Le poète breton Glenmor, souvent cité par notre ami et collaborateur Daniel Perron, a résumé cette pensée par une formule très juste : « Les libertés sont des pierres précieuses. Il en est d'ailleurs comme il en est des pierres : les riches en ont beaucoup ». L'amendement du Sénat, c'est une pierre précieuse pour les semenciers puisqu'il garantit, dans votre esprit, l'introduction sans distinction des OGM.

Il faut lire le rapport du Sénat pour comprendre le véritable hold-up intellectuel qui est à l'oeuvre. Il précise en effet qu'il faut rappeler notamment « que la définition du “sans OGM” doit respecter la règle européenne, qui est simple : un produit doit être étiqueté comme contenant des OGM s'il en contient plus de 0,9 % et ne doit pas l'être s'il en contient moins de 0,9 % ».

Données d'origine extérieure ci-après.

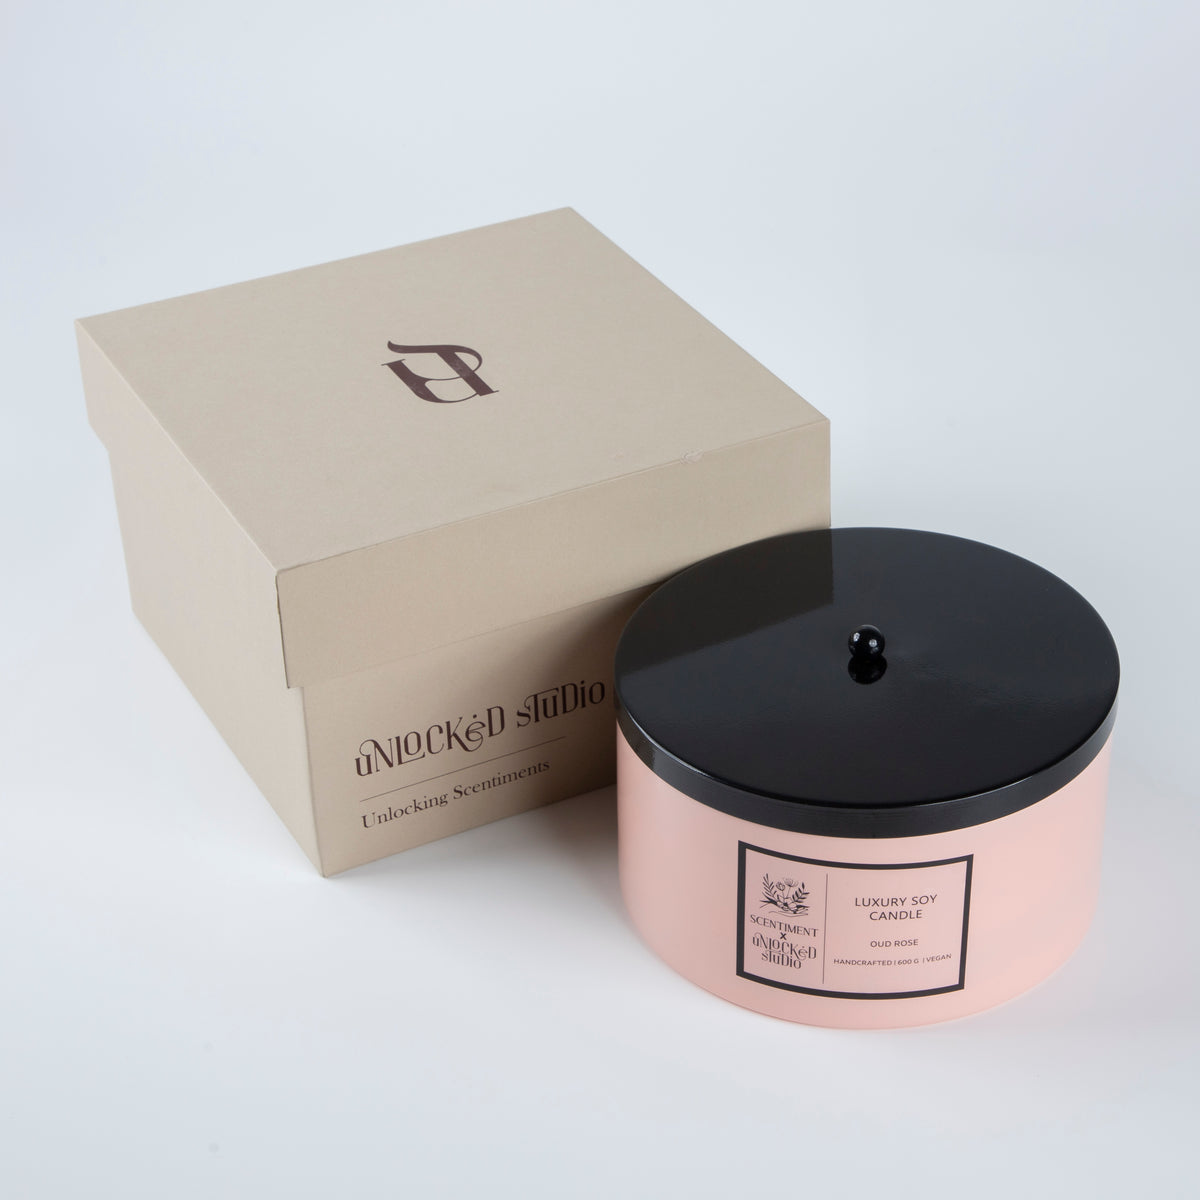 Soy Wax Medium Candle - Oud & Rose

La douleur occasionnée par l'adoption de l'amendement n° 252 a dû égarer les analystes du Sénat. Cet amendement en effet ne vise pas l'étiquetage mais la définition du « sans OGM », ce qui n'est pas la même chose ! Je tiens à vous rappeler que cette définition existe dans notre corpus administratif. Elle est posée par la DGCCRF dans une note d'information du 16 août 2004 qui, après avoir présenté le droit européen, précise ce que la France peut faire.

Chers collègues, quelques remarques s'imposent !

D'abord, il faudra expliquer aux consommateurs pourquoi, en raison de l'adoption de la loi sur les OGM, leurs intérêts seront moins bien protégés dans le cadre de la réglementation. Si tel est le cas, alors vous prouverez que votre objectif est d'imposer à tous les OGM en violant les consciences. Il y a quelque temps, la majorité a adopté un projet de loi dont l'objet est de « conforter la confiance et la protection des consommateurs ». Il serait pour le moins paradoxal qu'une autre loi vienne balayer cette confiance et cette protection. Mais c'est sans doute cela que vous appelez la rupture.